JetStream (optional):
- Enable with `NATS_USE_JETSTREAM=1`.
- Durable subjects: `sys.job.submit`, `sys.job.result`, `sys.job.dlq`, `job.*`, `worker.<id>.jobs`.
- Best-effort: `sys.heartbeat`, `sys.job.cancel`, `sys.job.progress`, `sys.workflow.event`.
- Handlers are idempotent via Redis locks and retryable error NAKs.
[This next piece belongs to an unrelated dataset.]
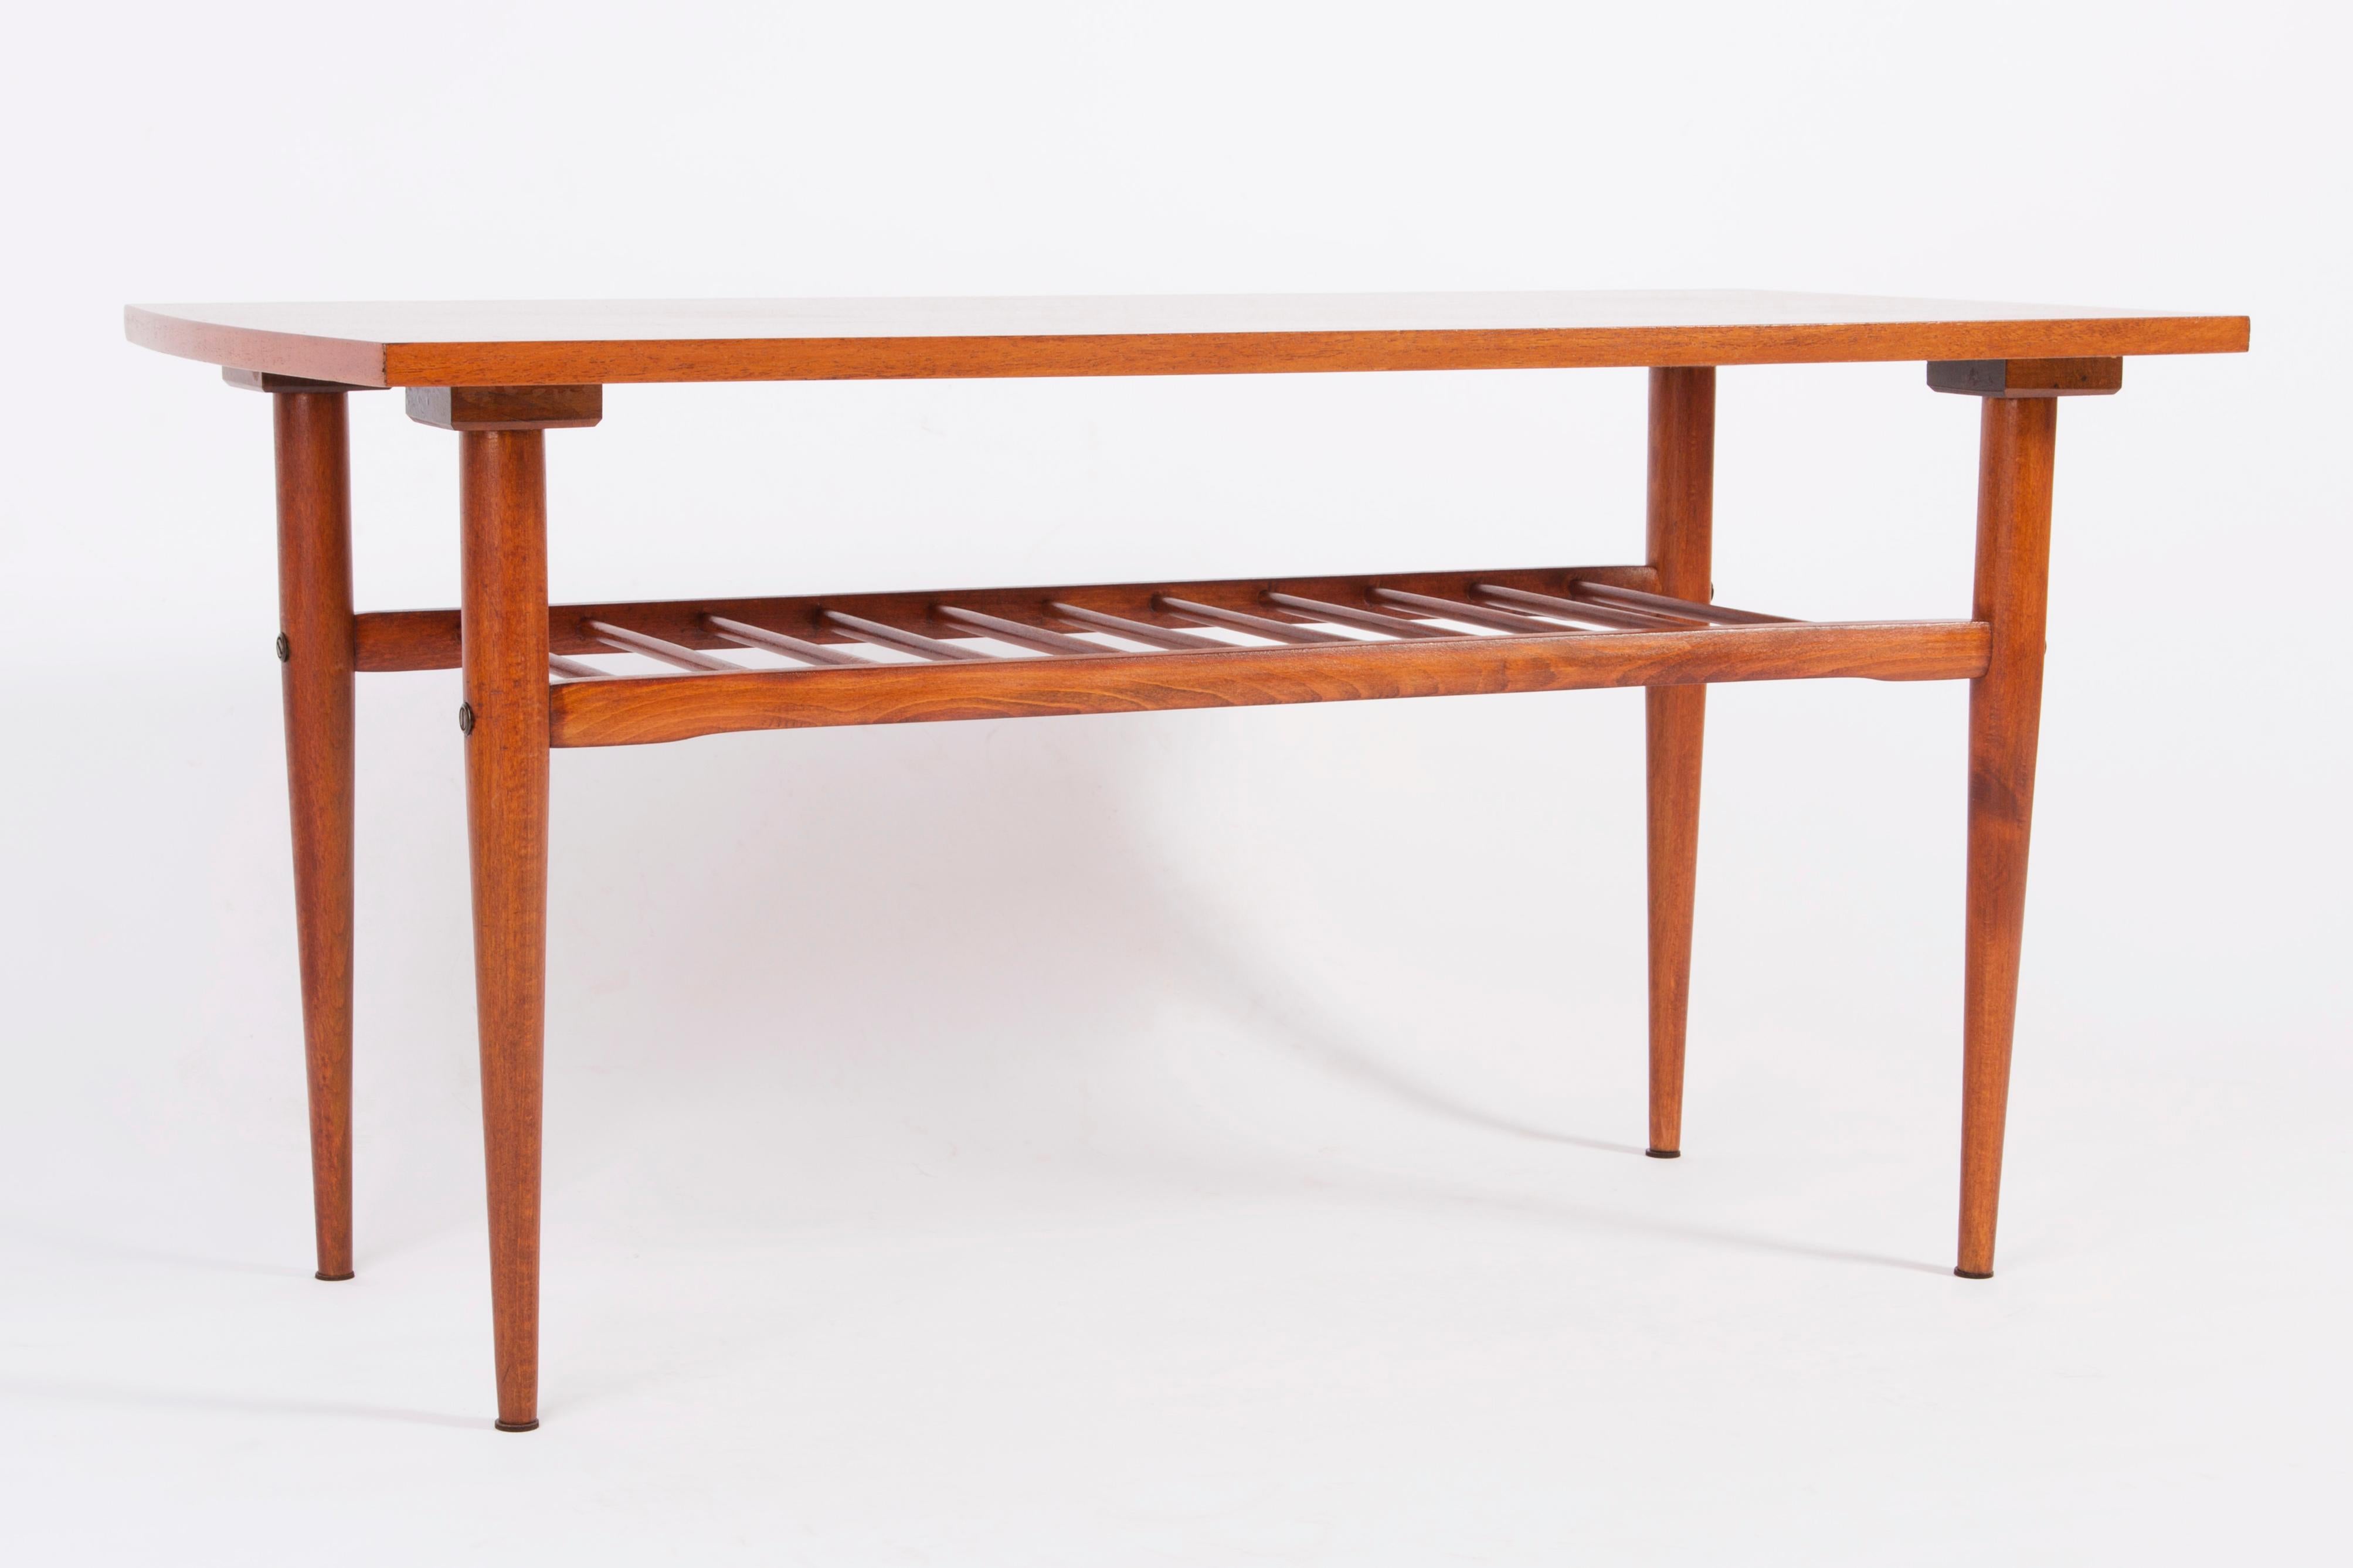 Coffee table from the 1960s. It was manufactured in Poland in 1960s. The table was made of wood and veneer plywood, it was also full renovated. Excellent condition.

## Redis key map (selected)

- Context/result:
  - `ctx:<job_id>` -> input payload
  - `res:<job_id>` -> result payload
  - `art:<id>` -> artifact payload
+ Job store:
  - `job:meta:<job_id>` (state - metadata)
  - `job:state:<job_id>` (state)
  - `job:recent` (sorted set)
  - `job:index:<state>` (sorted sets for reconciliation)
  - `job:deadline` (sorted set of deadlines)
  - `job:events:<job_id>` (state transition log)
  - `trace:<trace_id>` (set of job ids)
- Context engine:
  - `mem:<memory_id>:events`, `mem:<memory_id>:chunks`, `mem:<memory_id>:summary`
- Workflow engine:
  - `wf:def:<workflow_id>` (definitions)
  - `wf:run:<run_id>` plus run indexes (`wf:runs:*`)
  - `wf:run:timeline:<run_id>` (append-only timeline)
  - `wf:run:idempotency:<key>` (idempotency mapping)
- DLQ:
  - `dlq:entry:<job_id>`, `dlq:index`
- Config service:
  - `cfg:<scope>:<id>`
  - `cfg:system:policy` (policy fragments bundle)
  - `cfg:system:packs` (installed pack registry)
- Schema registry:
  - `schema:<id>`, `schema:index`
- Locks:
  - `lock:<key>` (plus owner/ttl metadata)

## Binaries (cmd)

- `cordum-api-gateway`
- `cordum-scheduler`
- `cordum-safety-kernel`
- `cordum-workflow-engine`
- `cordum-context-engine`
- `cordumctl` (CLI)

## Repo layout

- `core/` control plane, infra, protocols, workflow engine.
- `cmd/` platform binaries.

## Topics -> pools

See `config/pools.yaml` for the full map. Topics are config-driven; no core topics are enforced.

## Observability

- Scheduler metrics: `:9090/metrics`
- API gateway metrics: `:9093/metrics`
- Workflow engine health: `:8064/health`

## Testing

- Run `go test ./...` (use `GOCACHE=$(pwd)/.cache/go-build` if needed).
- If modifying `.proto`, run `make proto`.
- Platform smoke: `./tools/scripts/platform_smoke.sh`.